As always, we try to keep our guides as updated as we can, and this one is no exception. As most impressions on these cameras are from pre-production units, there’s still a lot of wiggle room in specs, features, and general reactions. As new information comes in we’ll do our best to update this post accordingly.
Best for cinematic video: R5
- High Image Quality featuring a New 45 Megapixel Full-frame CMOS Sensor.
- DIGIC X Image Processor with an ISO range of 100-51200; Expandable to 1024001.
- High-Speed Continuous Shooting of up to 12 fps with Mechanical Shutter and up to 20 fps Electronic (Silent) Shutter.
Last update on 2023-11-03 / Affiliate links / Images from Amazon Product Advertising API
We’ll just jump to the meat of why many people are looking at these two cameras in the first place. For all-out image quality for high-end video image quality and post-production flexibility, the Canon R5 is arguably the better cinema camera out of the two.
Yes, both cameras have 10-bit 4:2:2 color and offer the C-Log color profile, but the R5 offers a few advantages.
Most notably, of course, being the fact that the Canon R5 can shoot 8K footage in either DCI or UHD ratios up to 30 fps in Raw with second-gen dual pixel autofocus. You don’t get Raw or 8K on the R6.

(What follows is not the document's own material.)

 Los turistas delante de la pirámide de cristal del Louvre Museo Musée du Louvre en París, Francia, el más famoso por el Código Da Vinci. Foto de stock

Our second favorite feature for cinema video is what they’re referring to as 4K HQ. Available in certain frame rates (29.97, 24, and 23.98), this mode uses the full 8K sensor and oversamples that at a 2:1 ratio down to a 4K image. This promises to bring some insane sharpness and detail to the 4K video files shot in this mode, and we’re looking forward to seeing more about this as more hands-on time is available.

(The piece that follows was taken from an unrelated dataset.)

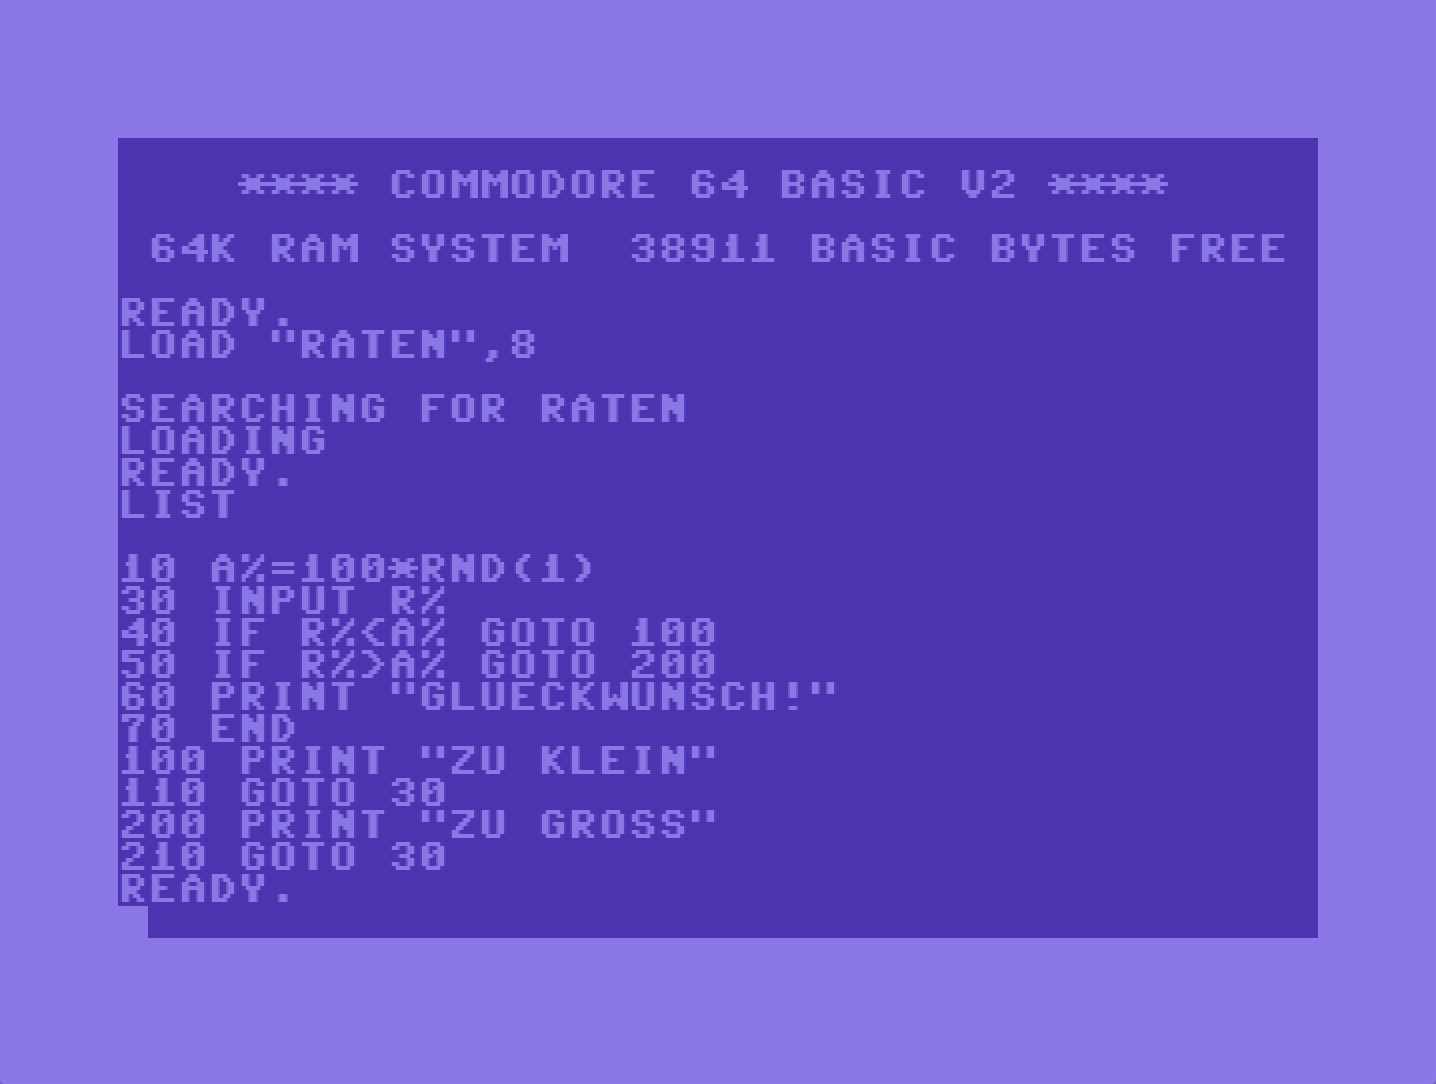 Laden eines Programms am Commodore 64

We think that Canon’s decision to (finally!) add 5-axis in-body image stabilization (IBIS) to both the R5 and R6 is a massive step forward for the company’s offerings. Despite what a lot of cinematographers and filmmakers say about IBIS, we feel that this actually is a very useful application on the R5 for cinema camera and filmmaking purposes.
There are certain times where maybe a gimbal, tripod, slider, or other large support system isn’t necessarily possible, and from what we see with the current sample footage with the IBIS paired with an RF-mount stabilized lens, it’s definitely reliable. True, most of the time for professional cinematography you’d be turning this off to use on a larger support device, but for when you need it, having it there is extremely helpful.

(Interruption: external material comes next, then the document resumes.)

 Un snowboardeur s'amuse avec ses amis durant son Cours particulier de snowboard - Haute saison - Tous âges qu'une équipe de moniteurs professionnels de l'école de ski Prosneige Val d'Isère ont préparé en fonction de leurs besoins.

The other notable difference is the types of codecs available. While both offer H.264 4:2:0 8-bit and H.265 4:2:2 10-bit, only the R5 offers All-I and IPB compression settings for these codecs, whereas the R6 only has IPB available (we hope to see this get updated in future firmware updates, for sure!).
All-I compression offers more keyframes of data and plays back better in your editor of choice, and we’ve previously discussed this in further detail in our cinema camera guide.
The unfortunate issue with many of these cinema-type features is that the R5 will definitely get warm. Overheating will quite likely be a factor when shooting in 8K, 4K HQ, and probably 4K 120p video modes. We still have yet to really see a lot of the details regarding the overheating in real-world scenarios, but it does look to be an issue that needs to be addressed.
Best for vlogging and YouTube: R6
- High Image Quality featuring a New 20 Megapixel Full-frame CMOS Sensor.
- DIGIC X Image Processor with an ISO range of 100-102400; Expandable to 204800.
- High-Speed Continuous Shooting of up to 12 fps with Mechanical Shutter and up to 20 fps Electronic (Silent) Shutter.
Last update on 2022-07-18 / Affiliate links / Images from Amazon Product Advertising API
While some YouTubers definitely go the full custom route of shooting cinematic footage and grading their own footage very extensively, this isn’t the norm for many YouTubers or vloggers. For that, we really like the R6 as an amazing YouTube or vlog camera.
The primary factor here is really the price. It’s ridiculously affordable for the sheer power you get in the R6 body. You’ll have 4K UHD up to 60fps and 1080p up to 120fps, which really covers the majority of any vlogger’s needs.
Note: Oddly enough, the R5 flips that: 4K DCI up to 120fps and 1080p up to 60fps—although Canon has stated that they’re looking at bringing 1080p120 to the R5 with a future firmware update!
Just like we mentioned above, both the R5 and R6 have 5-axis IBIS. This is the first time an EOS series camera has had IBIS, and it’s frankly many several years late. But it’s here, and we’re not mad about it! As a vlogging camera, the R6’s IBIS is a must, and it really makes this camera one of our top vlogging cameras—pending more review and analysis, of course, but I’m sure it’ll be our top pick for our updated vlogging guide soon!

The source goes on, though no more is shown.